Data excerpt below:
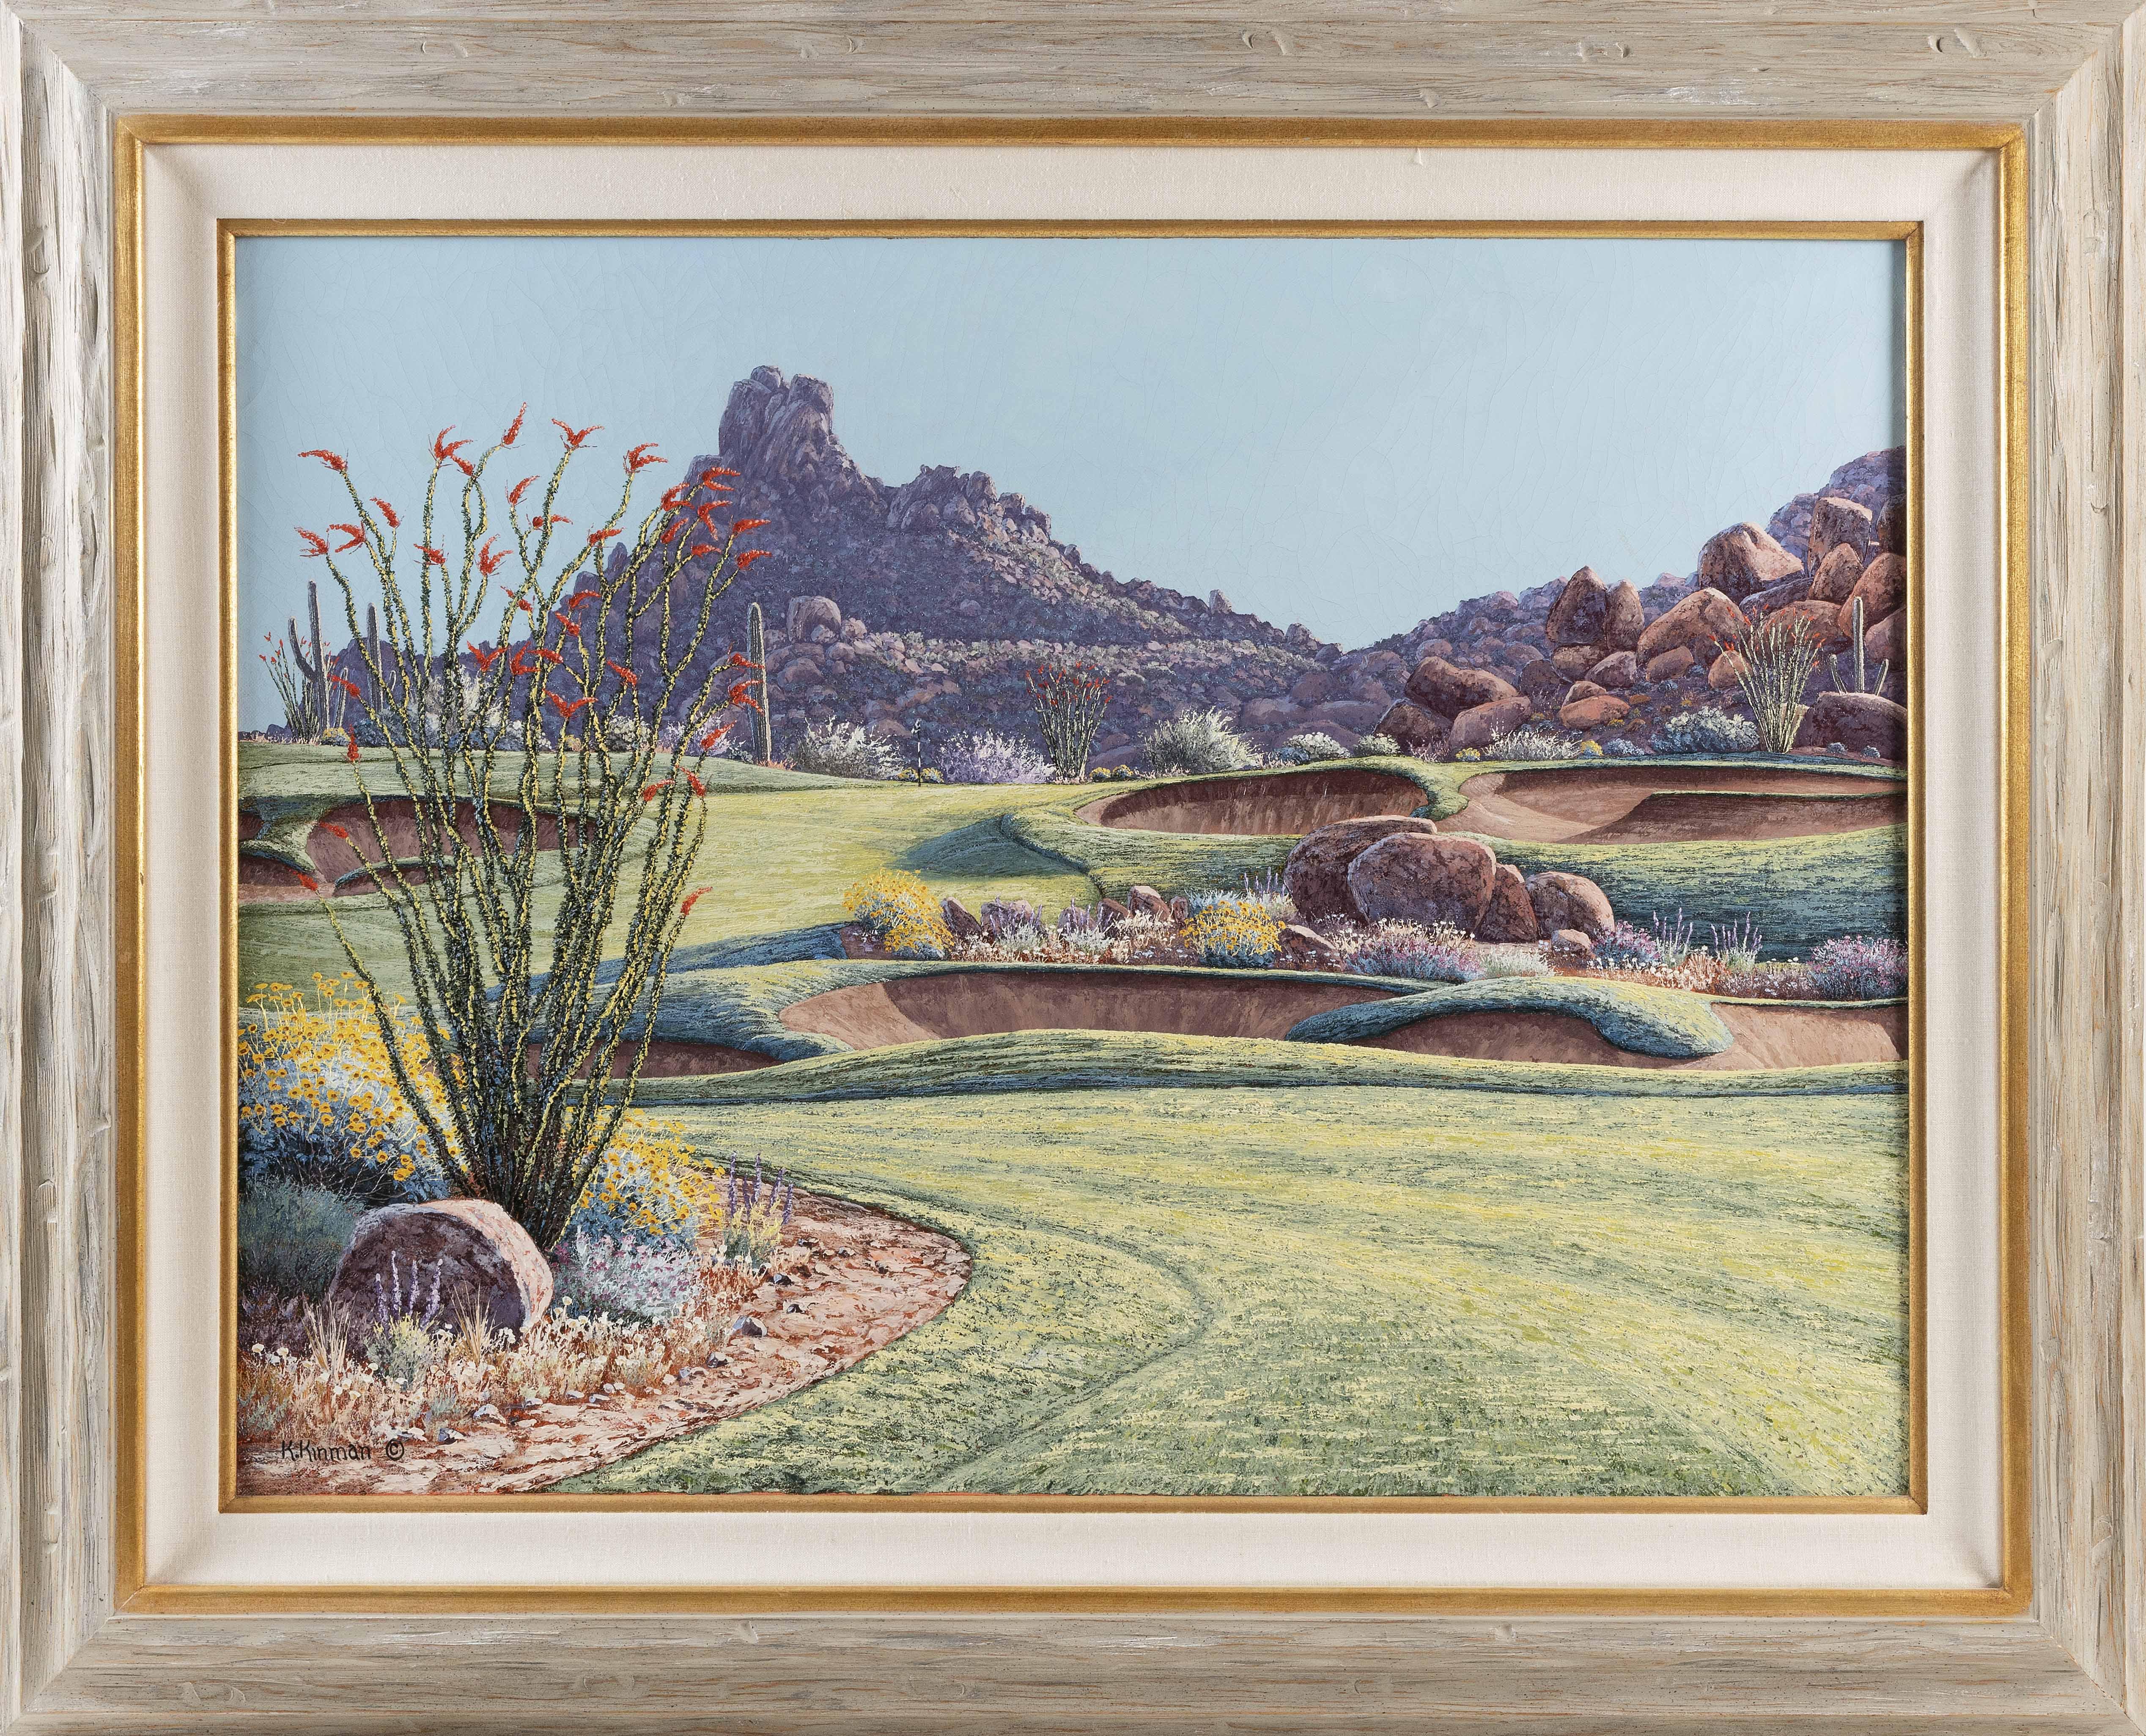 KERRY KINMAN (Oregon, 1946-2008), True North 18th Hole., Oil on canvas, 30
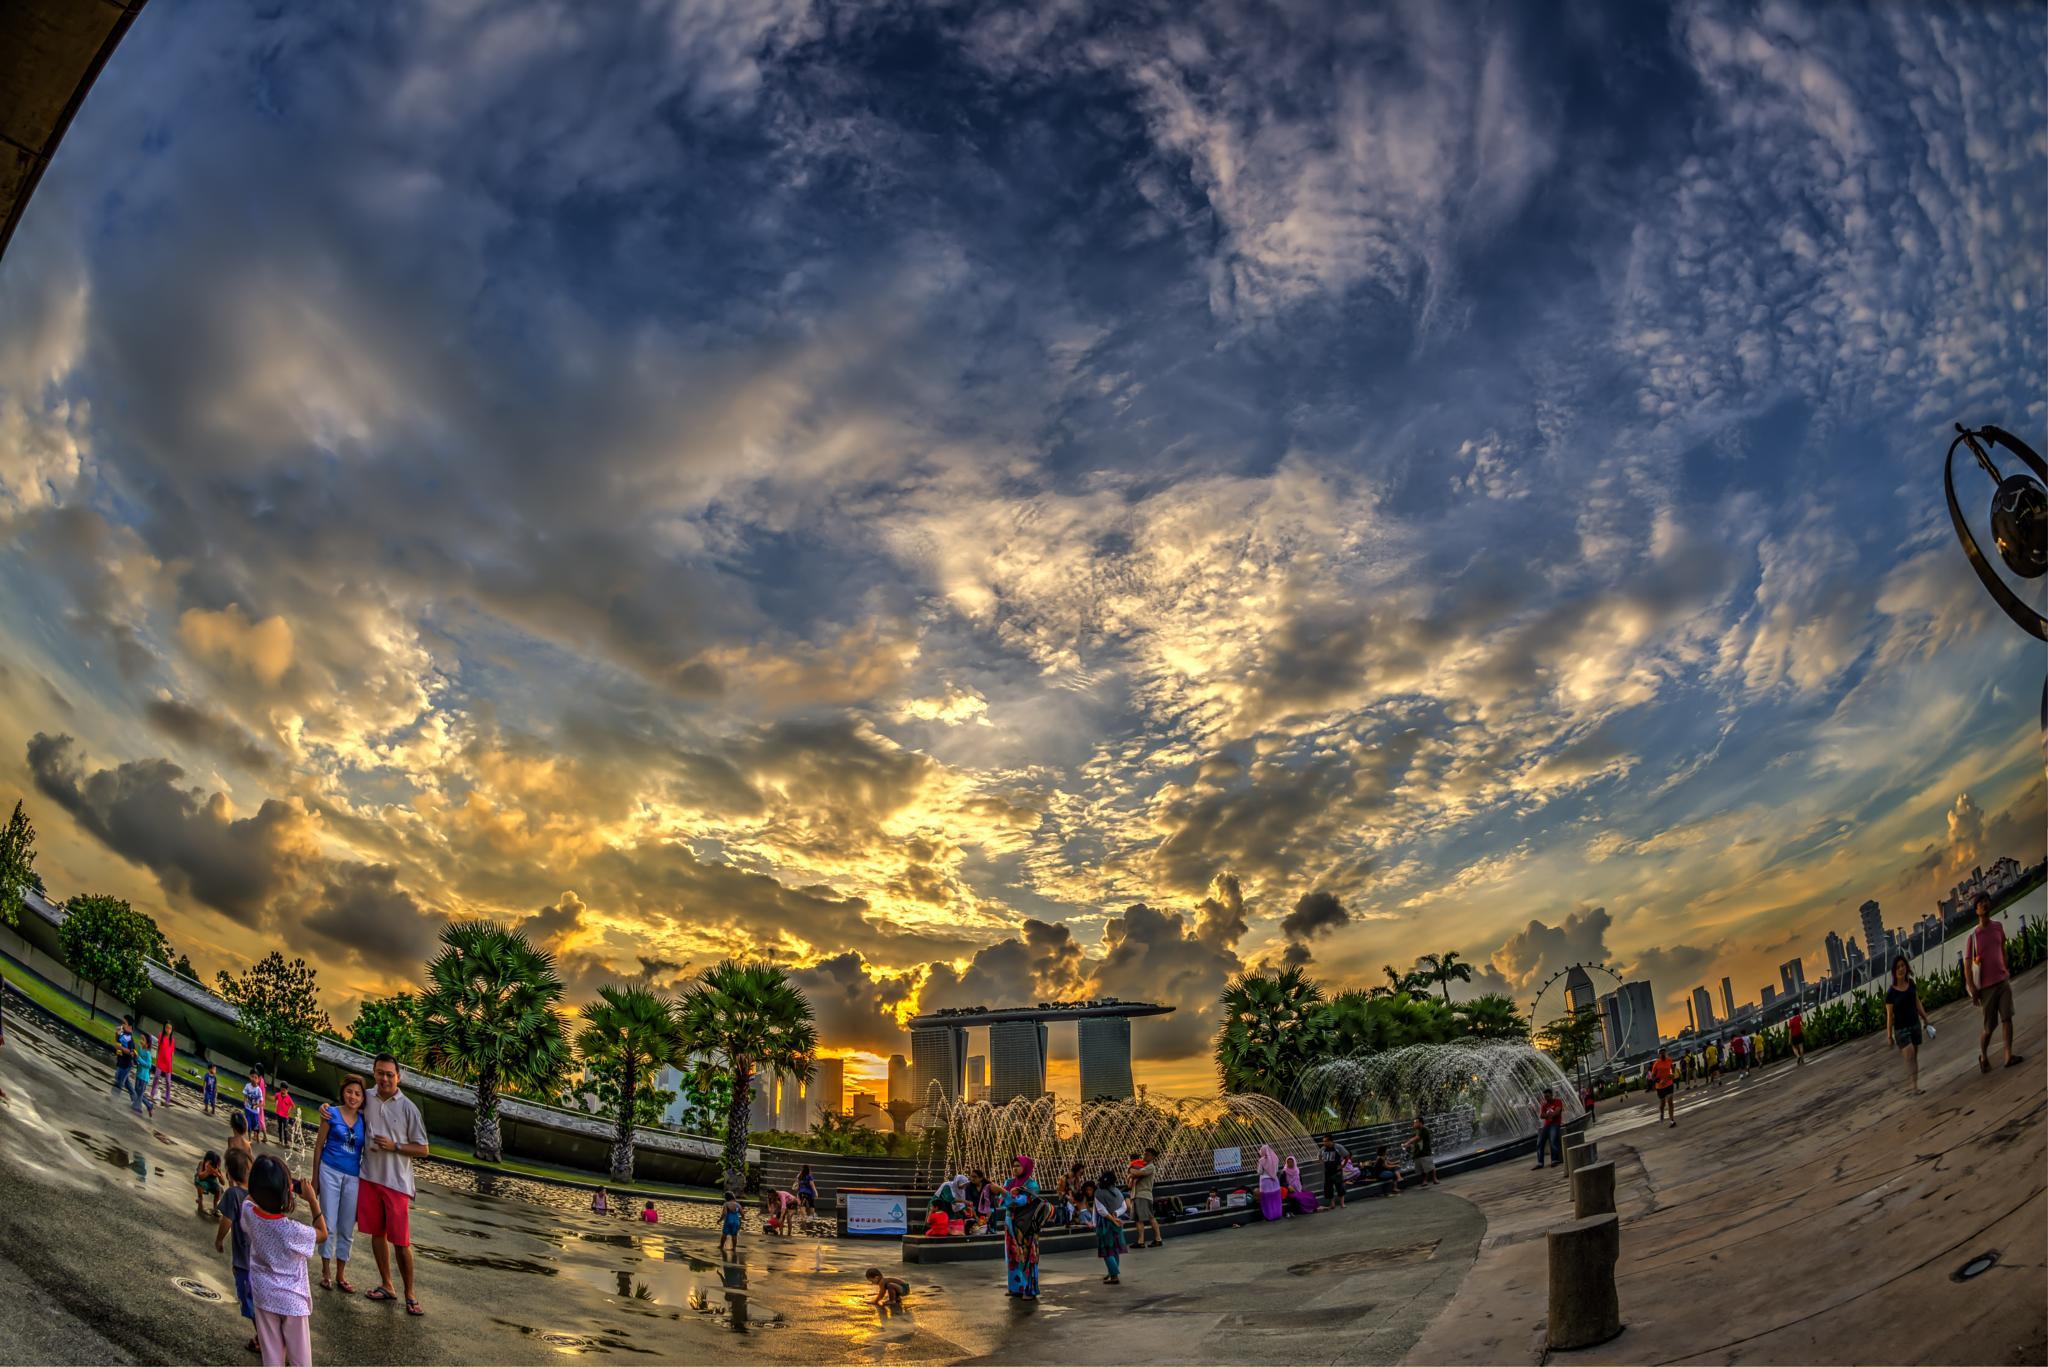 Fisheye View of Marina Bay Esplanade at Sunset, Singapore, Photo 26 by iatu8888
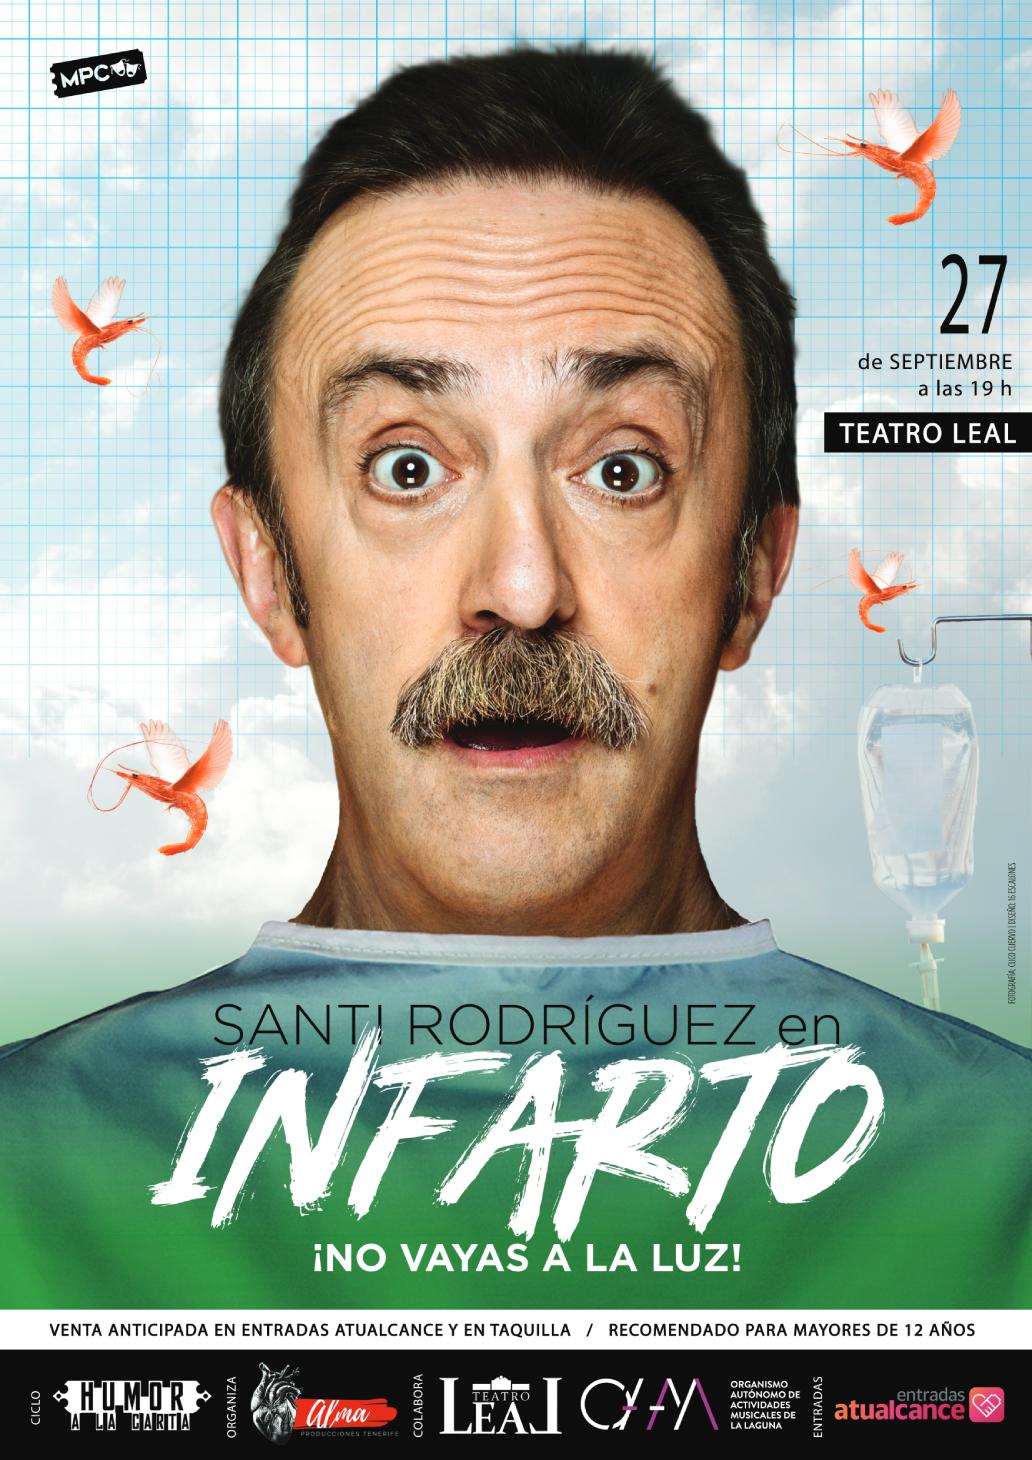 santi-rodriguez-infarto-5f4618a422dd7.jpeg
End of Data excerpt.
*What to do*
Write out exactly the lines from the line that contains "Fisheye View of" to the last line of the material above, both included; pictures do not belong in the copy.

*Answer area*
 Fisheye View of Marina Bay Esplanade at Sunset, Singapore, Photo 26 by iatu8888
 santi-rodriguez-infarto-5f4618a422dd7.jpeg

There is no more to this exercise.